Firstly, in theory, Lead Scoring models should be updated continuously, according to new data collected or new behaviours observed. However, technically, this is not possible because it is far too time-consuming. You can’t just keep redesigning everything. This is one of the reasons why more and more companies – especially companies that are constantly evolving – are deciding to give up on lead scoring.
Secondly, producing good demographic and firmographic scoring requires a lot of data. Best-of-breed vendors have developed platforms to scrape, acquire and compile large proprietary databases. This allows users of these technologies to enrich the data on their contacts. But if you use a manual lead scoring technique, it is impossible to manage the volume of data needed to obtain a statistically relevant score.
The third reason is that classic (manual) lead scoring techniques are only based on data collected by the company. This means missing out on all the other data that could be used to qualify the purchase intention of your contacts (technologies used, maturity of the organisation, etc.).
Fourth and last reason: contact-based lead scoring is problematic in B2B, because decisions are taken by several company representatives, after internal discussions and negotiations that scoring does not take into account but which often play a crucial role. This does not apply to very small companies (less than 25 employees), which is the only case in B2B where contact-based scoring can really be justified.
For all these reasons, classic lead scoring is problematic. Fortunately, there are alternatives to scoring that allow you to qualify leads and move them through the conversion funnel. After all, the goal is to turn as many leads as possible into paying customers, right? Here are 5 ways to generate more qualified leads without lead scoring.
Strategy #1: Set up a lead nurturing system
Rather than using a lead scoring system to generate SQL based on more or less arbitrary criteria, work on the customer journey (or rather the prospect journey) and optimise it from a lead nurturing perspective in such a way as to encourage prospects to contact the sales team as much as possible – through trial registration, for example. It’s not as complicated as it sounds. You should look to target individuals who have shown some form of interest in your company or products. For example, participants in your webinars, people who have downloaded ebooks, subscribers to your newsletter, etc. These are by definition individuals who are more likely to convert than others.
When talking to new prospects or leads, good sales people are always on the lookout for things that indicate a desire to buy or events that help to activate and develop it. This can be anything. For example, the launch of a new product or a new campaign, a company that has to implement new tools (e.g. RGPD) due to an imminent legal change, etc. Lead Nurturing is the process of identifying these individuals in the first instance and moving them along the buying journey by means of specific actions and in particular by encouraging them to contact the sales team. The identification of these individuals is not done via lead scoring, but in a manual way, based on events carried out by the leads (prospects) or information you have on them.

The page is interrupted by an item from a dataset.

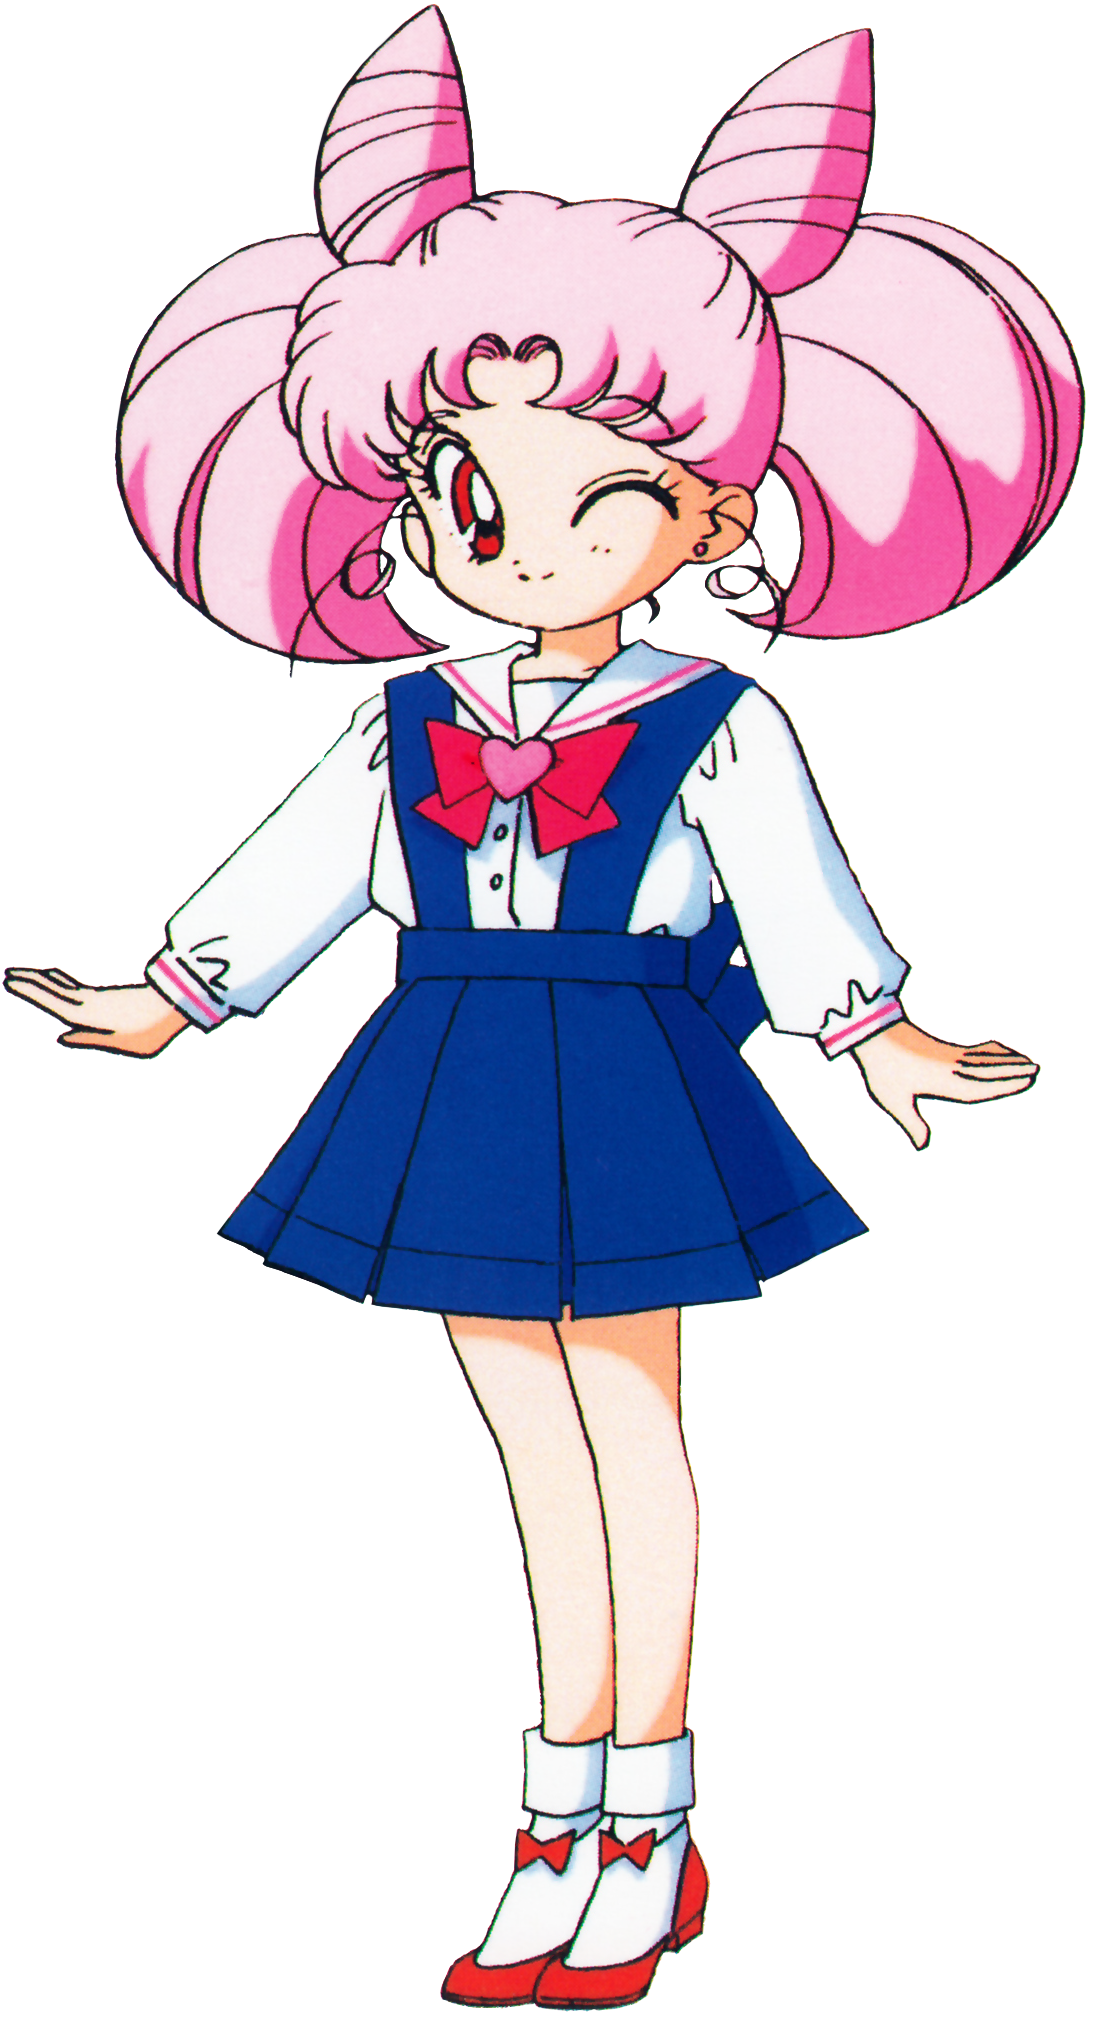 Chibi Usa: Chào mừng đến với thế giới Chibi Usa tươi sáng, một nhân vật đáng yêu và đầy năng lượng trong Sailor Moon! Từ bộ anime, manga cho đến sản phẩm liên quan khác, hãy cùng khám phá tất cả những gì liên quan đến Chibi Usa, một cô bé có thể khiến trái tim bạn tan chảy với nét đáng yêu của mình!

Using this approach, your list of qualified leads will probably be smaller, but it is not the size that matters. A lead, as we have seen, is not worth anything in itself. Your goal is to increase your number of customers, not your list of prospects. With this technique, you will no longer spend your time trying to qualify leads that will never convert.
Strategy #2: Deliver engaging content to develop your target audience’s interest and move your leads along the buying journey
Your content must be engaging and of high quality. This is the best way to attract qualified leads, but also to build a reputation as an expert with prospects who are not ready to buy but will be one day. Let’s take an example. Let’s imagine a manager working in a customer service department. Let’s say he intends to implement new customer relationship management software next year. When the day comes, he is more likely to turn to a publisher who has published content such as “5 techniques to optimise your contact centre performance”, “Customer service: how to deliver a perfect customer experience” or “7 tips to effectively drive customer satisfaction in your customer service department” than to publishers who have bombarded him with messages inviting him to contact them. Or to those who have simply disappeared from the radar.
You need to create stimulating content to develop your target’s interest. The content most likely to do this is content that addresses your target’s needs at each stage of the buying journey. We advise you to speed up or slow down the sharing of content depending on the level of responsiveness of the readers. But also to create content in phase with the different stages of the buying process. We can distinguish 3 main stages:
- Awareness. The person has become aware of a need but is not yet able to clearly identify it. They are looking for information rather than specific solutions. At this stage, the idea is to share content on general topics, not to promote a particular solution. For example: “How to increase your website traffic”, “How to successfully develop your ecommerce business”, “How to gain visibility on the internet”, “How to collect more leads via the internet”, etc. “etc.
- Consideration. The individual has defined the problem he/she is facing. He/she can name it and can start to find solutions to it. The idea is for you to help them identify and compare the different possible solutions. For example: “The complete guide to natural referencing (SEO)”, “How to create and run a blog on your website”, “5 tips for a successful inbound marketing strategy”, etc.
- Decision. The person is clear about what they want. Now they have to make a decision, they are ready to buy.
Each stage of the journey has different formats and types of content:
One of the keys to success is to offer the right content to the right people; to vary the volume and type of content shared according to lead behaviour. Editorial is one of the main areas to develop in a lead acquisition and nurturing strategy.
Discover the best tools for generating leads from LinkedIn.
Strategy #3: Collect “qualifying” lead information from the start
In order to adapt your communication and your strategy to the leads, you need to collect information from the outset to identify the leads, their characteristics and their attributes. On your landing page forms, for example, don’t hesitate to ask for information other than email. If you only ask for email, you won’t have any information about the leads collected (email is a contact channel, not information).
The type of information to be collected depends to a large extent on the company’s business, the type of products sold, the sector… This information will be used to segment your leads and to personalise your dialogue and offers.
Discover our complete guide on lead qualification by marketing or sales teams (MQL VS SQL).
Strategy #4: Engage with “hot leads” instantly, using triggers
When a lead performs an action or an event that you have defined as important, you need to trigger relational/marketing actions on your side as soon as possible. To have an optimal level of reactivity, nothing beats the use of Marketing Automation tools. These tools allow you to automatically trigger campaigns and messages according to precise triggers. For example: subscribing to a newsletter, subscribing to an offer, clicking on a link, exceeding a certain value threshold, etc. Reactivity is a key factor in marketing performance. Marketing Automation allows you to immediately engage leads that are deemed “hot” or “ready” based on their behaviour or actions.
Strategy #5: Use predictive lead scoring techniques to target contacts with high buying potential
While traditional lead scoring does not always deliver on its promise, predictive scoring can be very effective. Predictive scoring platforms such as Infer, Lattice or MixPanel Predic fulfil in a sense the original promise of lead scoring, i.e. to automatically identify signals that indicate a high probability of conversion and use these to rank the leads in your database. Scoring platforms play the role of statistician that marketers who do traditional scoring miss. The technologies built into these tools are usually based on machine learning algorithms. Thousands of signals are crunched per second, such as web activity, third party data, in-app behaviour of your users, demographic information, engagement level to determine the impact of each variable on conversion. Based on historical data, these tools are able to predict the behaviour of each lead in a probabilistic way. As a result of machine learning, predictive models are constantly being refined over time.
Most of the techniques proposed in this article (whether it is inbound marketing, marketing automation scenarios, collecting information from the first form, etc.) are simple to implement and can give quick results. They have two things in common: 1/ none of them are based on lead scoring and 2/ these techniques generate much higher quality leads.